* Aim of the task: Please leave out pictures and print exactly the lines from the one that has "Nike College (Tuskegee) Men's T-Shirt" through the last line of the material below.
START Data provided
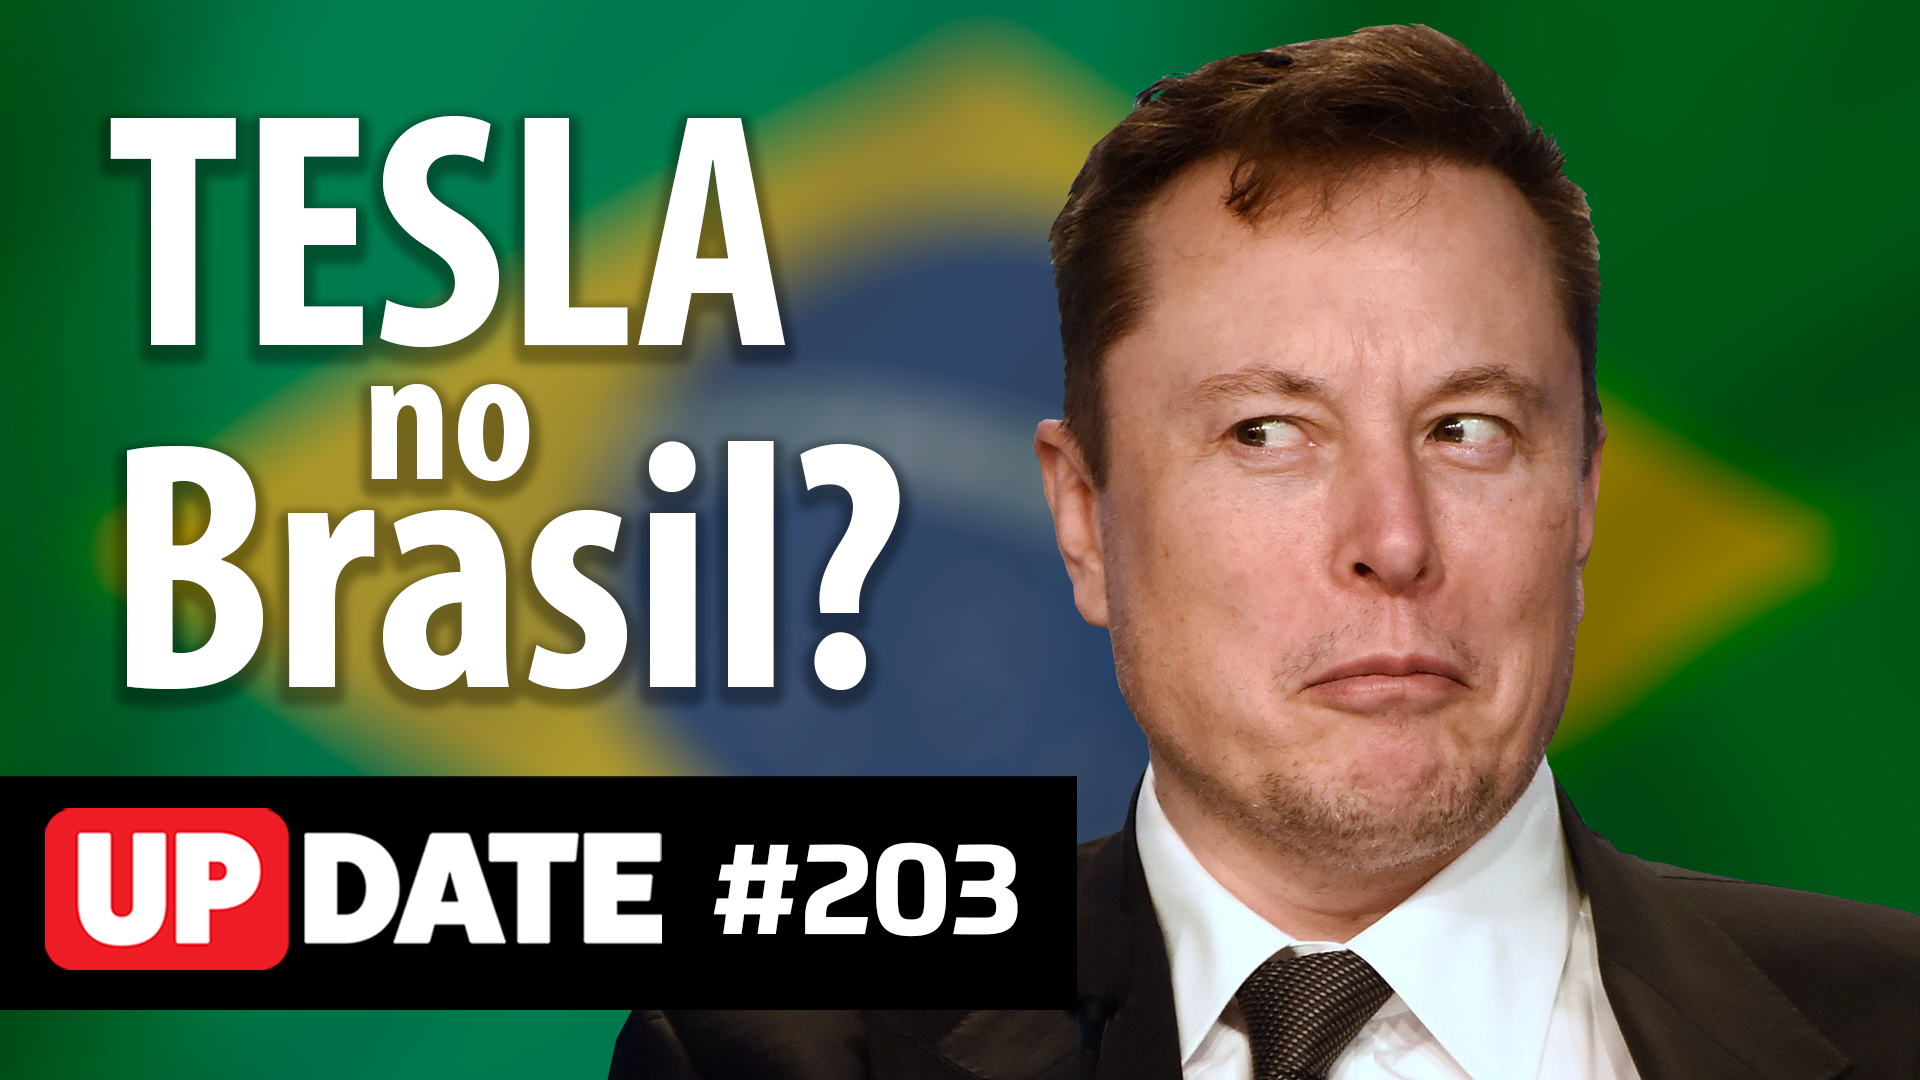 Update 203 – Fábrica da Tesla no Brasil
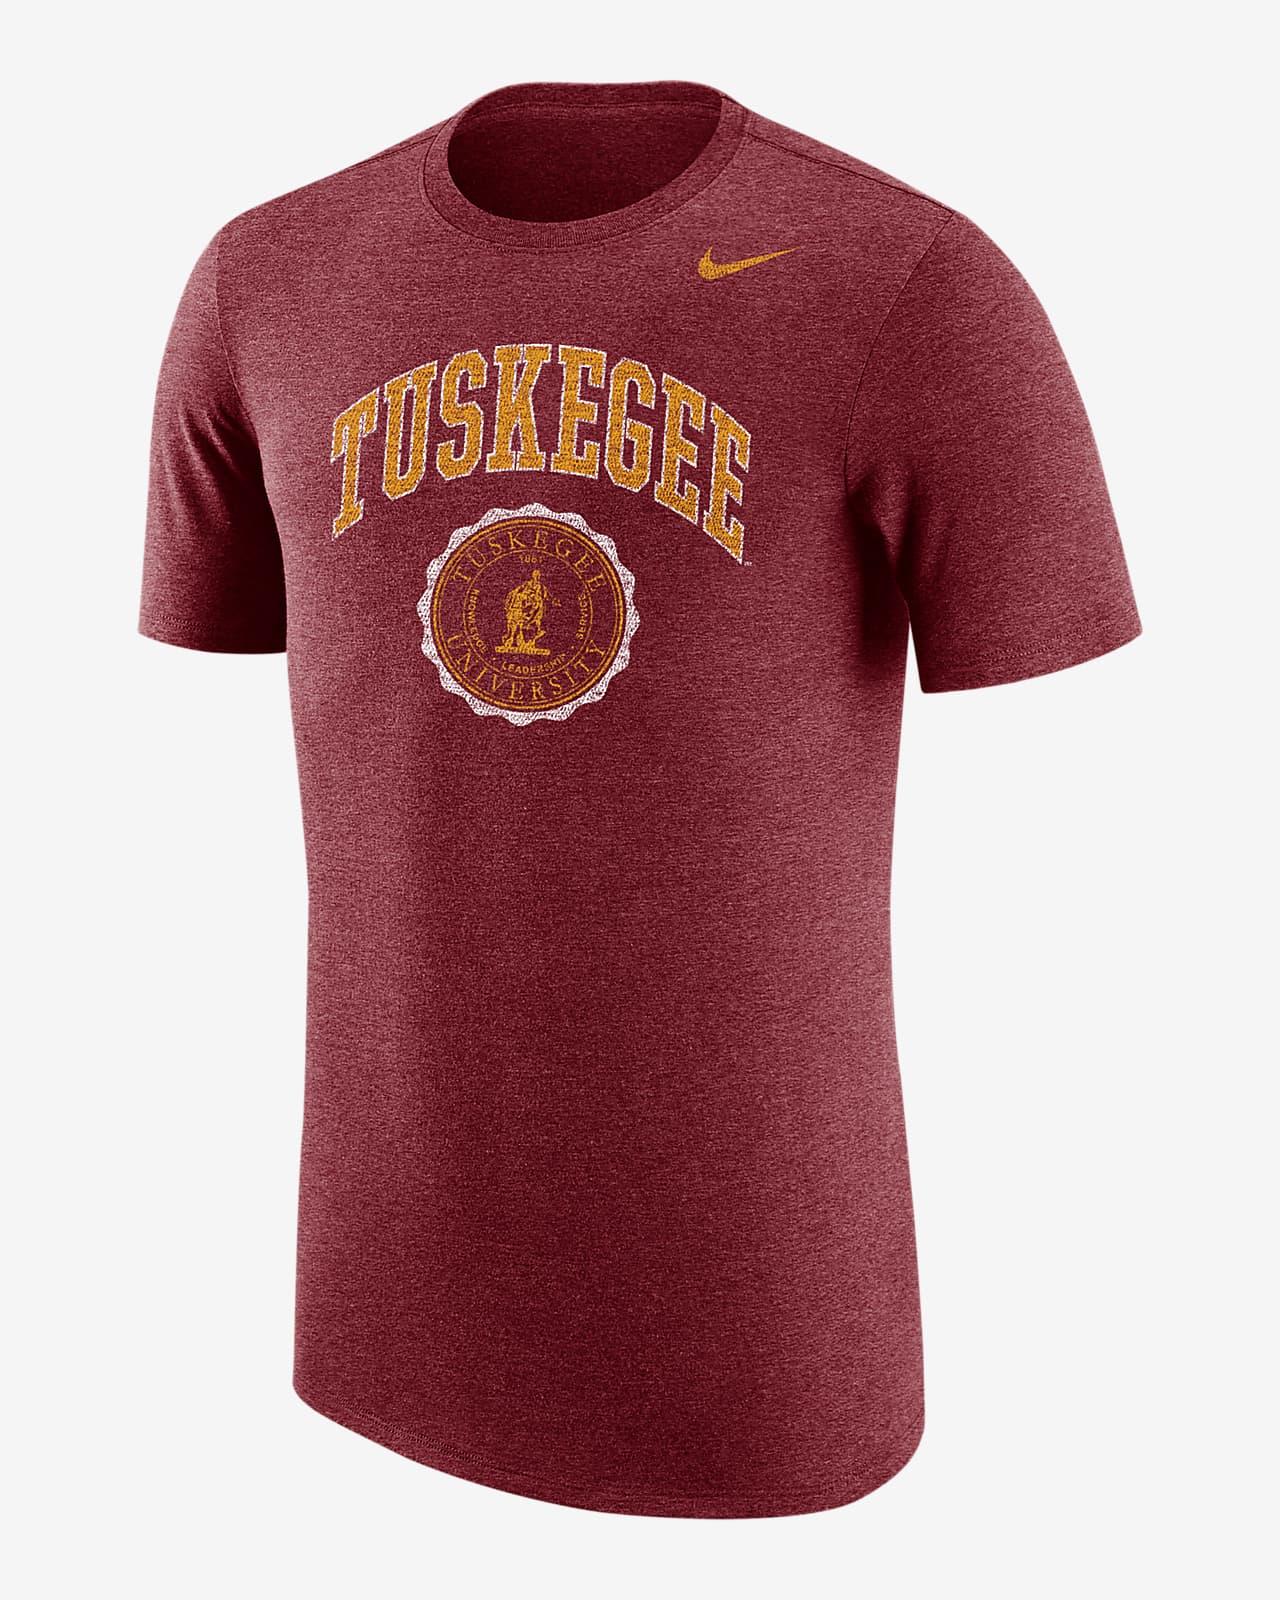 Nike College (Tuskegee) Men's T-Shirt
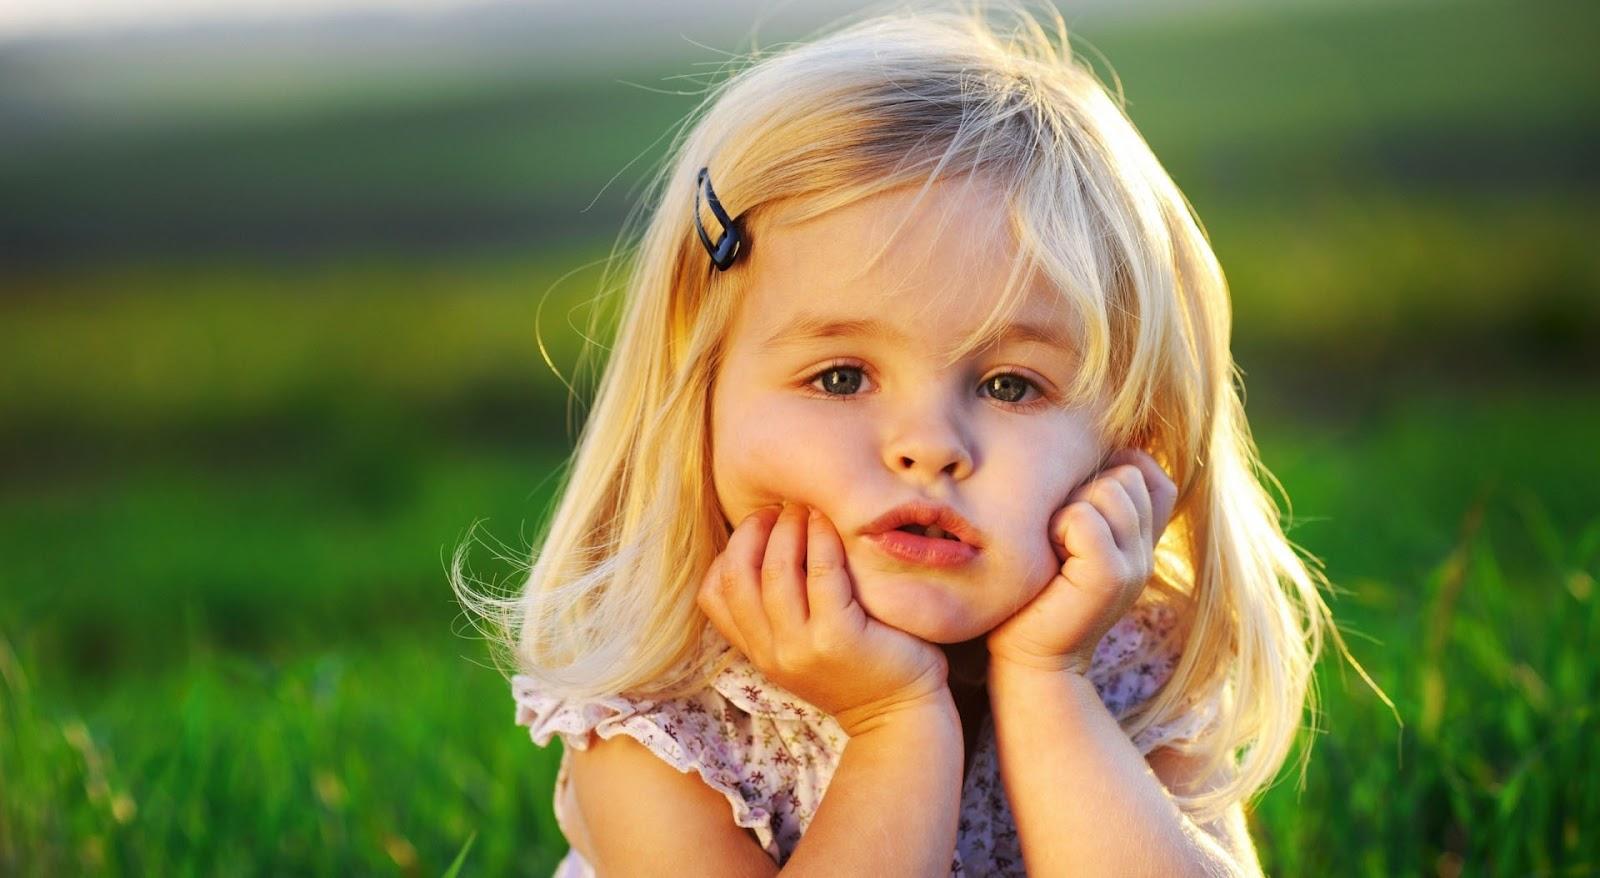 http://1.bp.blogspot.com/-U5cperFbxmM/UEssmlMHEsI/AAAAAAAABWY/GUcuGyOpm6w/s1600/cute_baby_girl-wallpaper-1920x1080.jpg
END Data provided
* Output:
 Nike College (Tuskegee) Men's T-Shirt
 http://1.bp.blogspot.com/-U5cperFbxmM/UEssmlMHEsI/AAAAAAAABWY/GUcuGyOpm6w/s1600/cute_baby_girl-wallpaper-1920x1080.jpg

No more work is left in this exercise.